The new £645m investment in community pharmacy will be split between funding the existing NHS Pharmacy Contraception and Hypertension Case-Finding services, a new national Pharmacy First scheme and investment in IT services to give pharmacies greater access to patient notes.
The Pharmaceutical Services Negotiating Committee (PSNC) said that it was not yet known how the £645m funding, which was unveiled in a new NHS primary care plan, would be allocated between the services, and that this would be subject to further discussions.
But the £645m will be split over two years, which would not cover the amount PSNC estimated would be needed to fund Pharmacy First each year alone, even without the additional investment sector leaders say is needed in existing services and to cover increased operational costs.
Funding for existing services ‘critical’
Malcolm Harrison, chief executive of the Company Chemists’ Association (CCA), described the announcement as ‘a real vote of confidence for the future profession and the community pharmacy sector’, and ‘a crucial first step in realising the true potential’ of the sector.
He added that the funding for the existing contraception and hypertension services was ‘critical to enable delivery’.
‘As soon as this funding can be released patients will be able to see an immediate benefit,’ Mr Harrison added.
Expansion of blood pressure checks
The NHS hypertension case-finding service was introduced in October 2021, and since then over 590,000 blood pressure checks have been carried out by community pharmacies under the scheme, according to figures from the NHS Business Services Authority.
The CCA estimates that through the scheme, community pharmacies have prevented 600 future heart attacks and strokes in the first year of the service.
And with adequate investment, community pharmacy could prevent up to 5,800 heart attacks and 8,800 strokes by 2026 and become a ‘one-stop-shop’ for initial cardiovascular care where appropriate, freeing up much-needed capacity in GP access, the CCA suggested last month.
The NHS primary care plan said the service currently delivers up to 120,000 checks per month, but the funding would allow it to expand to a further 2.5 million blood pressure checks carried out by community pharmacy in a year, subject to consultation.
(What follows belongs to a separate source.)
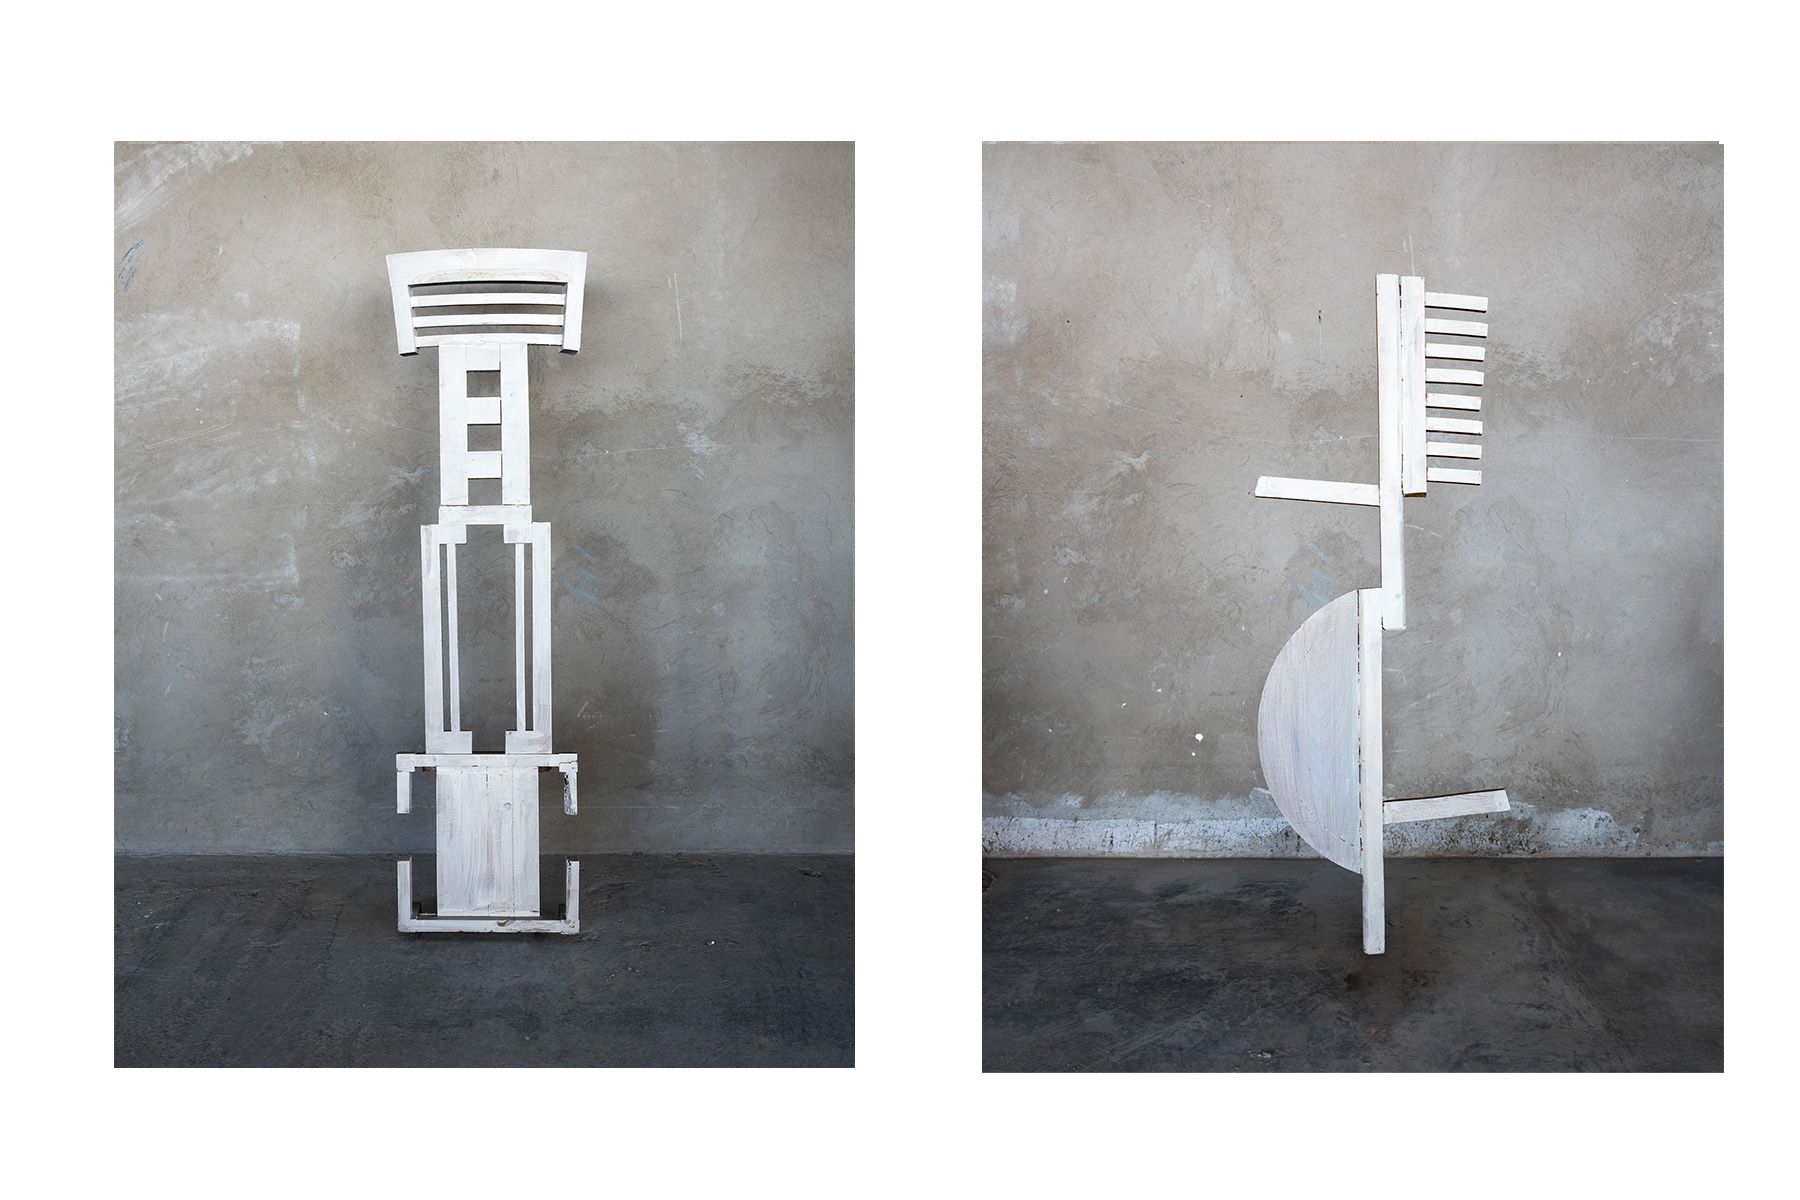 Furniture Totem (#7 left, #9, right)

It added that the expansion of the hypertension case-finding and contraception services would mean that 'more patients can be supported outside a general practice setting'.
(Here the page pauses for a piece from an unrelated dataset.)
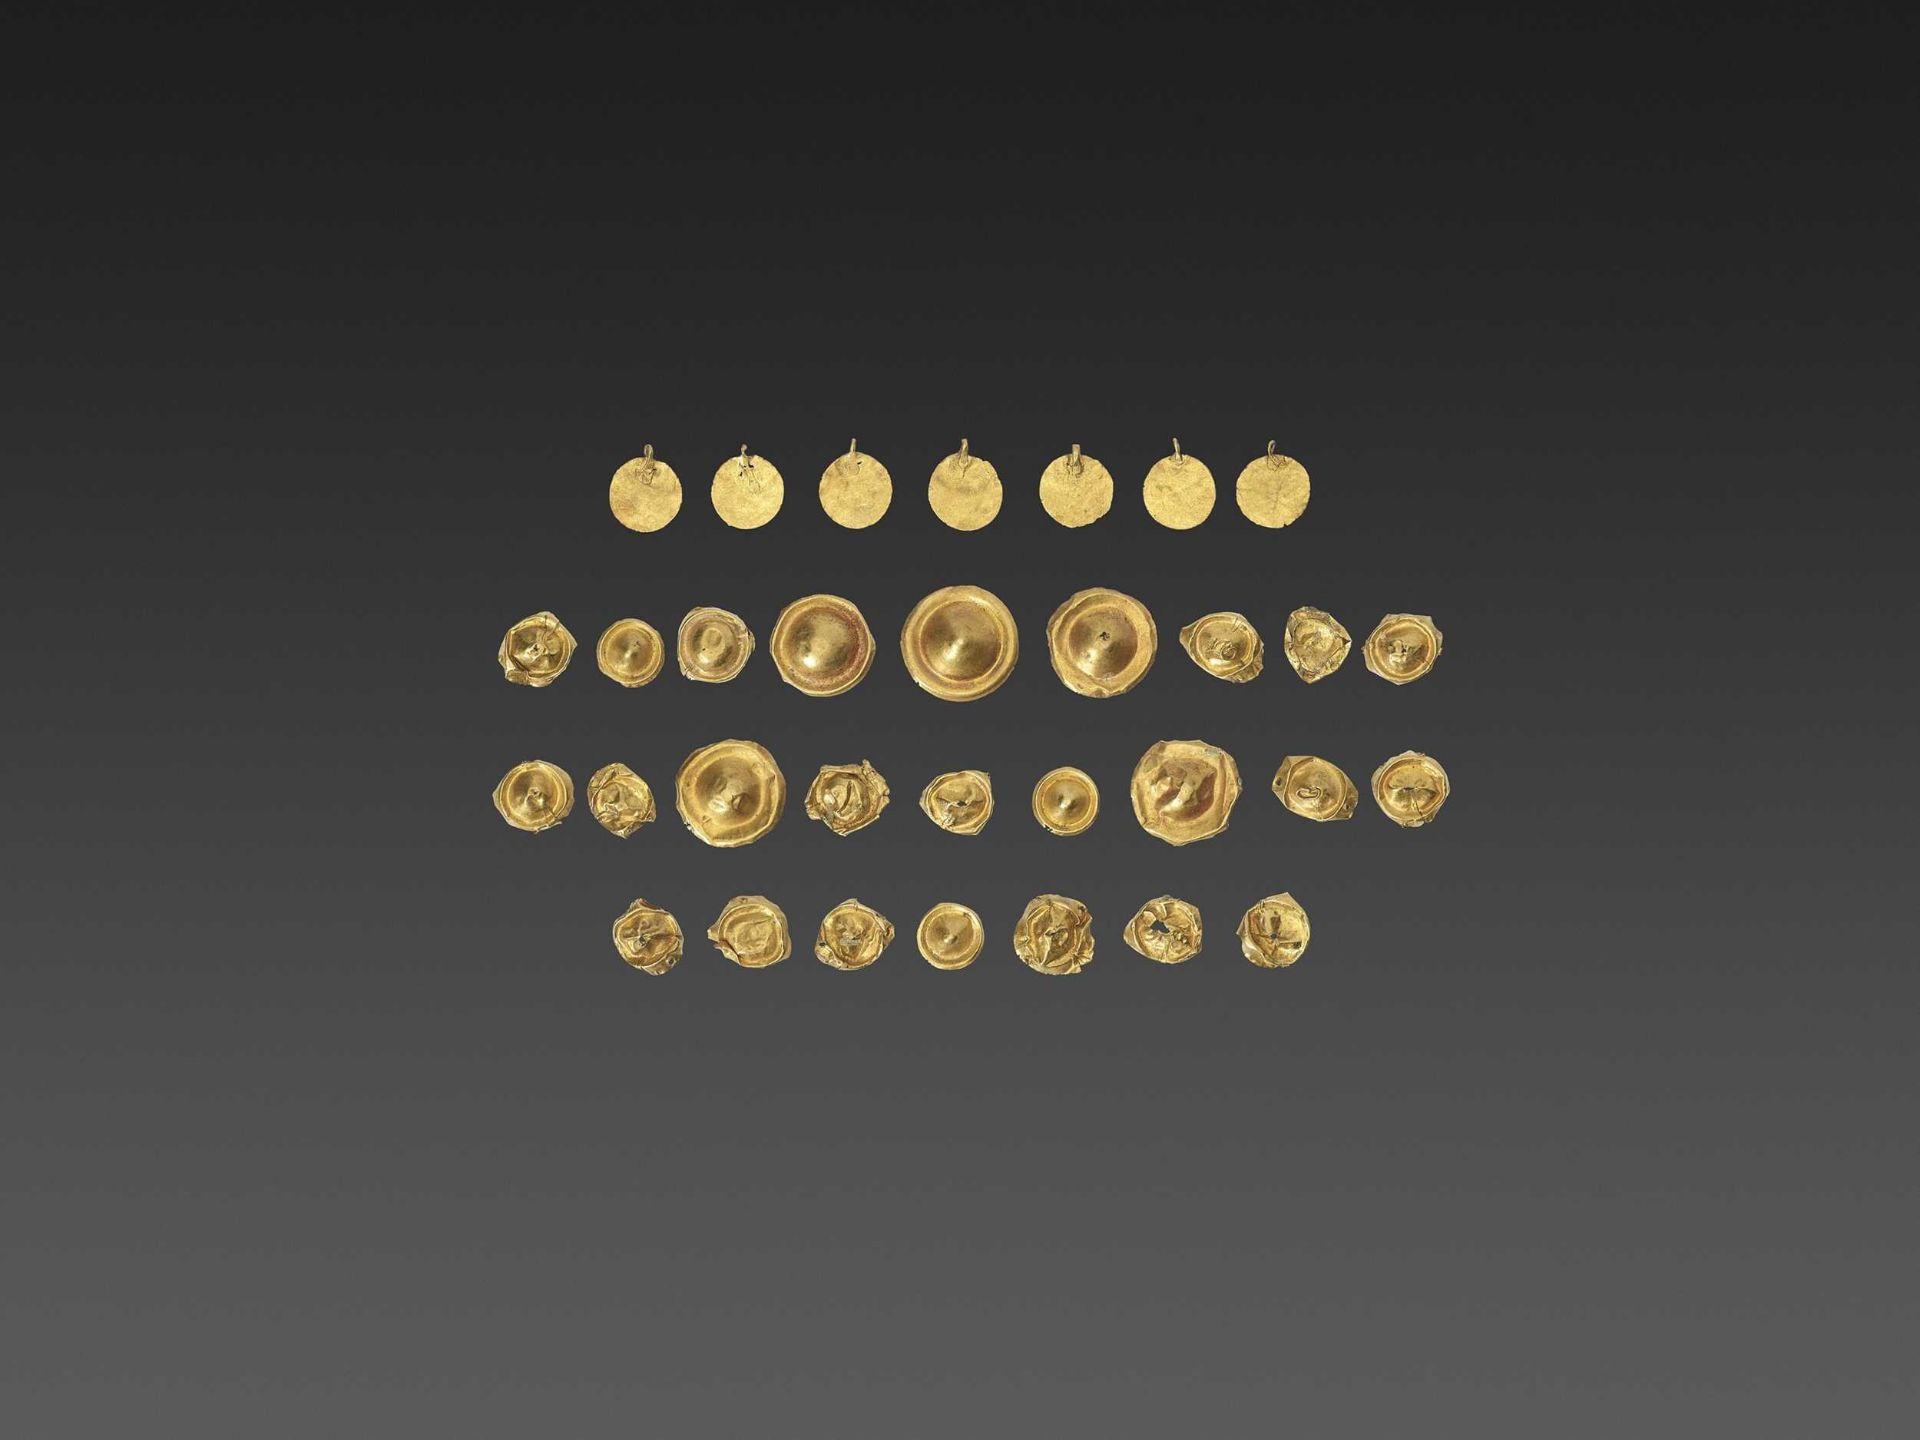 32 BACTRIAN GOLD GARM ENT ORNAMENTS

Will pharmacies begin offering contraception service?
Tier one of the pharmacy contraception service launched last month, giving pharmacists the ability to manage ongoing oral contraception, and over time will be expanded to allow pharmacists to initiate oral contraception and eventually manage and initiate long-acting reversible contraception (LARC), excluding intrauterine systems (IUS) and intrauterine devices (IUD), according to the service specification.
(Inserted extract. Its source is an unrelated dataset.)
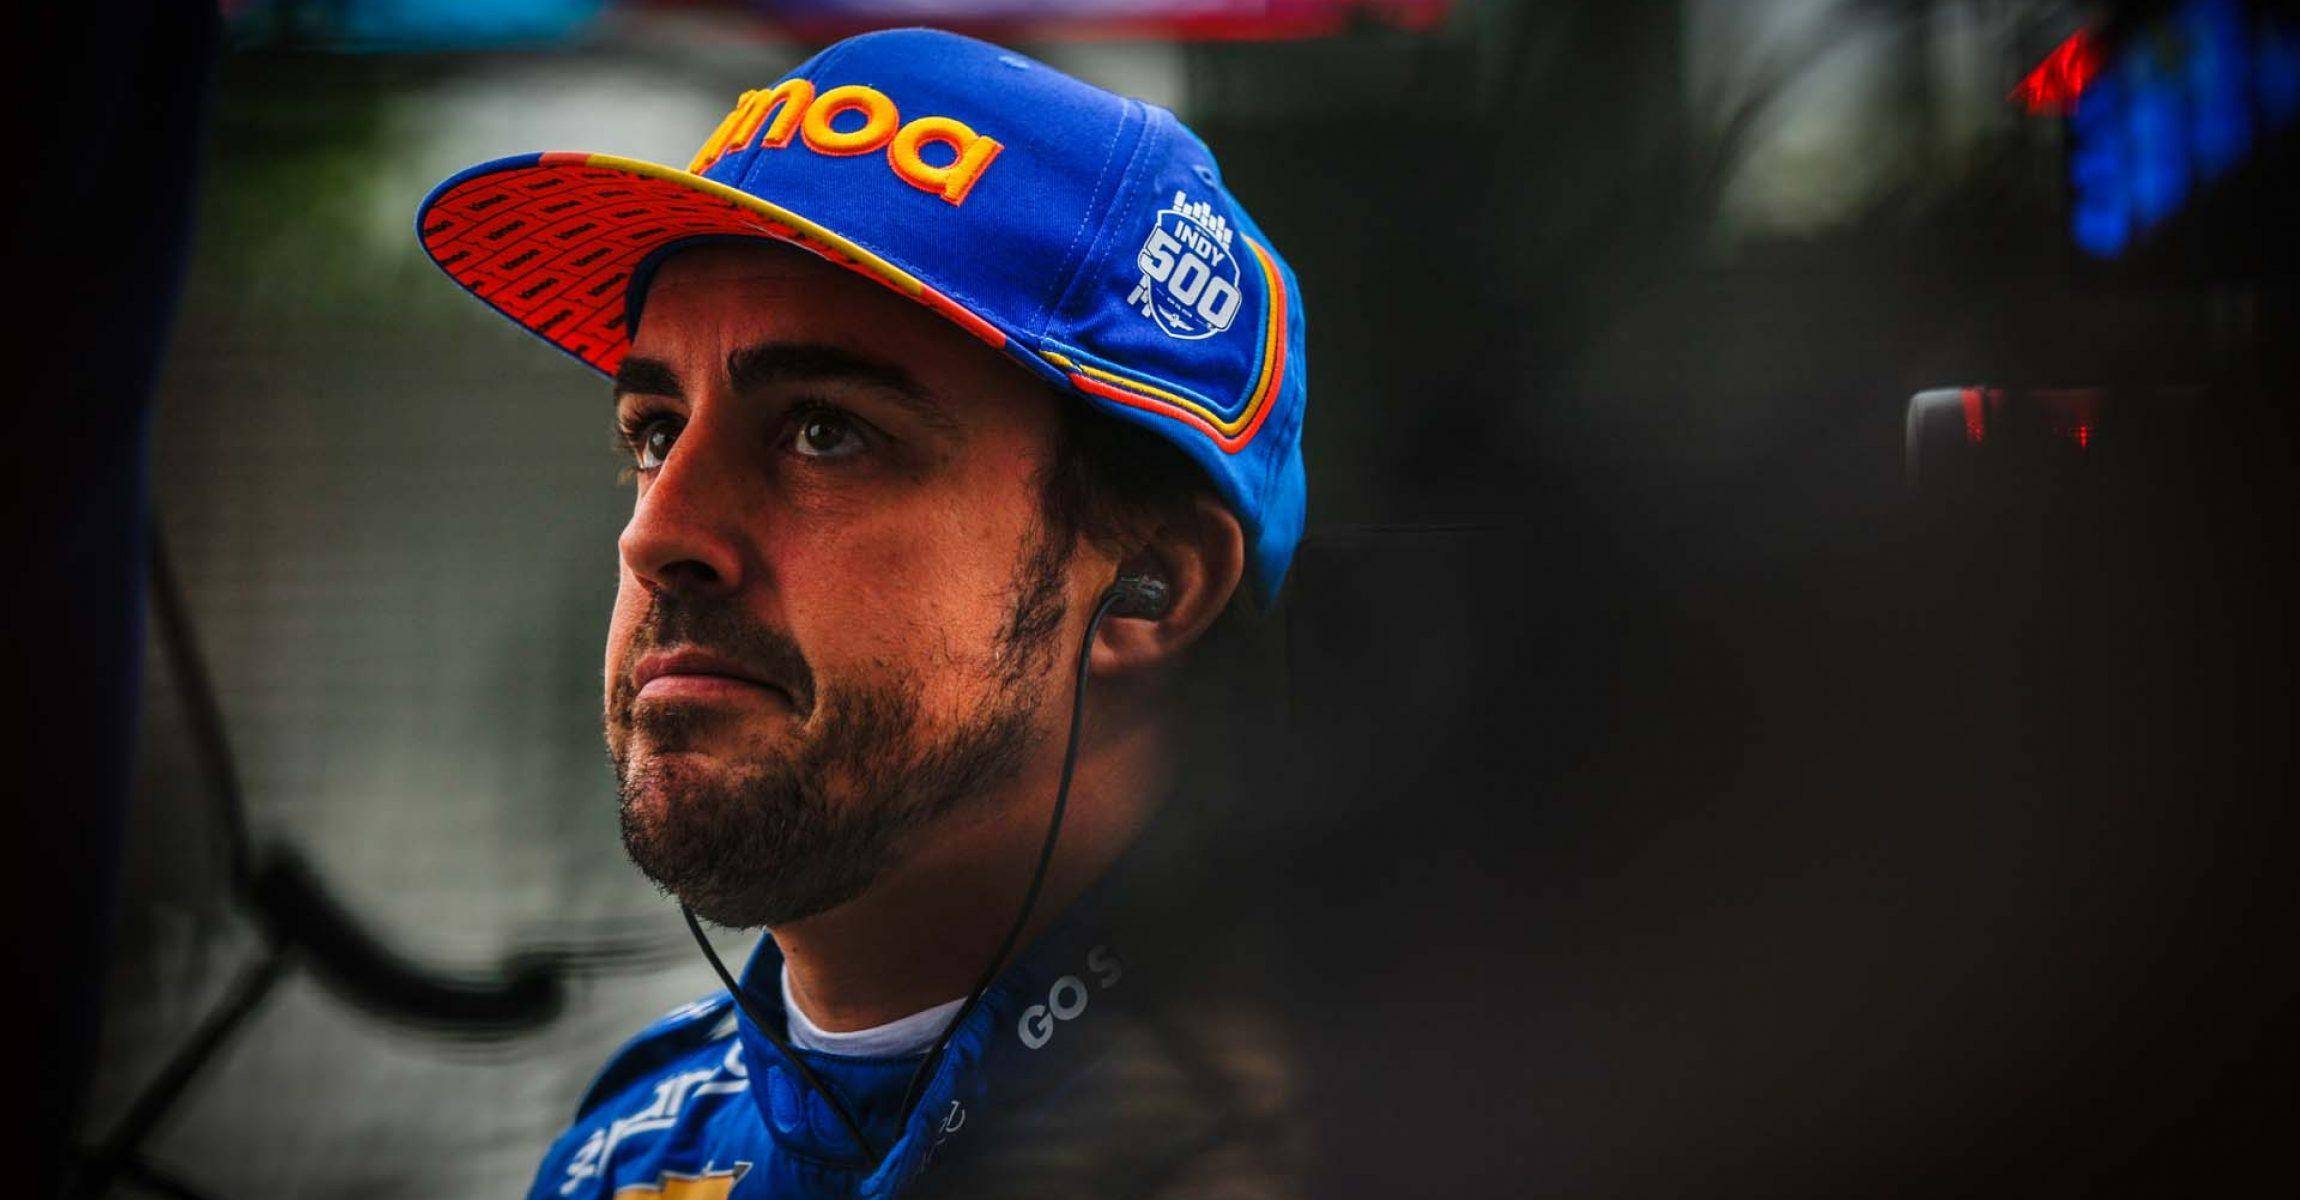 McLaren, Fernando Alonso, IndyCar, Indianapolis 500, 2019

But last month, The Pharmacist revealed that just 4% of community pharmacies had signed up for the NHS Pharmacy Contraception service within its first two days. This came amid complaints that no new money had been provided to enable already overstretched pharmacies to provide the service, and that any money claimed for delivery of the service in any part of the sector would be ‘clawed back’ from other funding sources.
PSNC confirmed today that the newly announced £645m was new money additional to the existing global sum, but said that until detailed negotiations on the funding had concluded, ‘we won’t fully know what this means for the service and its affordability’.
It added that its position on whether pharmacies should offer the contraception service – that due to stretched capacity within the sector more money would be needed to safely resource additional work – was ‘unchanged’. It said that it would be reviewing the position ‘in due course’.
Some funding to be allocated to IT improvements
It said that ‘as part of the new funding and to ensure the highest standard of care for patients’, NHSE would be investing ‘to significantly improve the digital infrastructure between general practice and community pharmacy’.
It would work with community pharmacy suppliers and general practice IT suppliers ‘to develop and deliver interoperable digital solutions’ – including streamlined referral processes, giving community pharmacy additional access to relevant clinical information from GP records, and allowing community pharmacy to update GP records – for instance, following supply of oral contraception or a blood pressure consultation in community pharmacy.